Welcome to Civilization

Jimmy survived The Green Card Interrogation– no questions asked – at Seattle Airport having been “welcomed” to the United States by Gandalf.  A harrowing drive in a borrowed truck on Interstate 5 – the heavily trafficked north/south corridor of the west coast – in the dark and in pouring rain was Jimmy’s next ordeal. As we’d already been awake for 24 hours, I was feeling giddy. Jimmy, more used to driving an automatic on the left and now required to drive the unfamiliar pickup with manual gearbox on the right, was feeling completely bamboozled. For good measure he added, “My night vision isn’t so good anymore.”


“Oh, that’s reassuring!” A shot of adrenalin jolted me to full alertness on Jimmy’s behalf. Peering as intently as him into a bleak night punctuated with dazzling headlights and blinking brake lights, all reflected in crazy patterns on the slick road surface, I was pumping the floorboards on the passenger side all the way down the Interstate.

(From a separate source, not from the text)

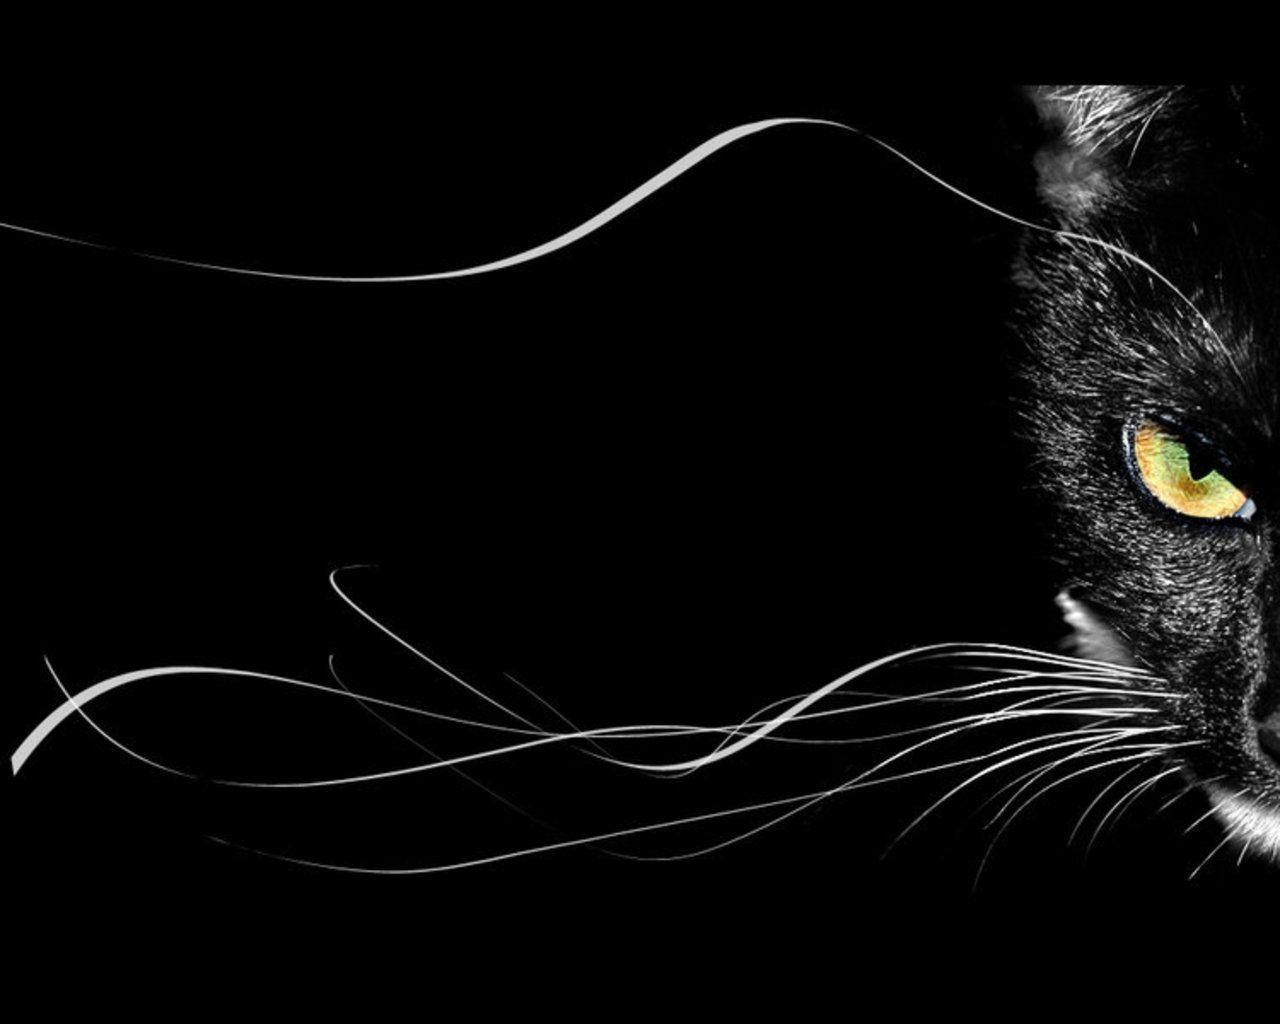 گربه سیاه (black cat)

When at last we pulled under the apartment parking canopy with a cessation of the thrumming rain on the truck roof, it was with great relief and a measure of amazement that this part of our journey was at an end. We disgorged our suitcases into an apartment we had arranged on a previous visit to Olympia and fell into bed.

The next day, our small two-bed American apartment seemed positively palatial after months of confinement in a trailer. It was fully furnished and equipped – a little treat for our first month until we got our bearings and our belongings in our new country – and we wandered from room to room like novice millionaires inspecting our first mansion.

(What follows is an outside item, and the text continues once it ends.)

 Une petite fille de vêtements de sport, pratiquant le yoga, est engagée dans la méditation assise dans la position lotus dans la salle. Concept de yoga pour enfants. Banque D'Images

Deprivation had taught us to appreciate the everyday things we had previously taken for granted so we poked around and played with our new toys – the washer, dryer, microwave, garbage disposal, coffee maker, large screen TV and VCR/DVD and radio/alarm clock (which needed resetting as some bright spark had left it set and it went off at 6 a.m. Cheers, matey).

The monster fridge/freezer (how could we possibly fill it?) was five times the cubic capacity we were used to on our European caravan. The four-ring stove with massive oven, a land line with voicemail, the dishwasher –  it was all exhilarating.

It might be hard for a  normal person (that ship has sailed for me) to imagine how a washer and dryer could provoke such excitement but my undies would no longer share the laundry facilities with dog blankets, greasy overalls and mixed loads of indistinguishable lumps of gray. Each of the ordinary items in the apartment was coveted. The queen sized beds would be blissfully comfortable after our spell on thin hard trailer bunks if only our inner time clocks weren’t eight hours out of sync and we could manage to sleep through the night.

The central heating had a thermostat in every room. For two people with their internal thermostats set at always hot and always cold, to live in a trailer which was essentially one large room had been a constant source of querulous rants. “Turn that heat down!” “I’m freezing!” “Open the door!” “I’ve just warmed up!” “I need some fresh air!” “Well go out and get it!” Jimmy would sit in shorts and a tee-shirt while I shivered under a fleece blanket. The thought of being able to close a door between us and whack the heat up filled me with a tingle of anticipation. Fresh air is meant for outdoors. If himself wants to be an American, he needs to learn that.

These were the first of many adjustments we would make to life in America.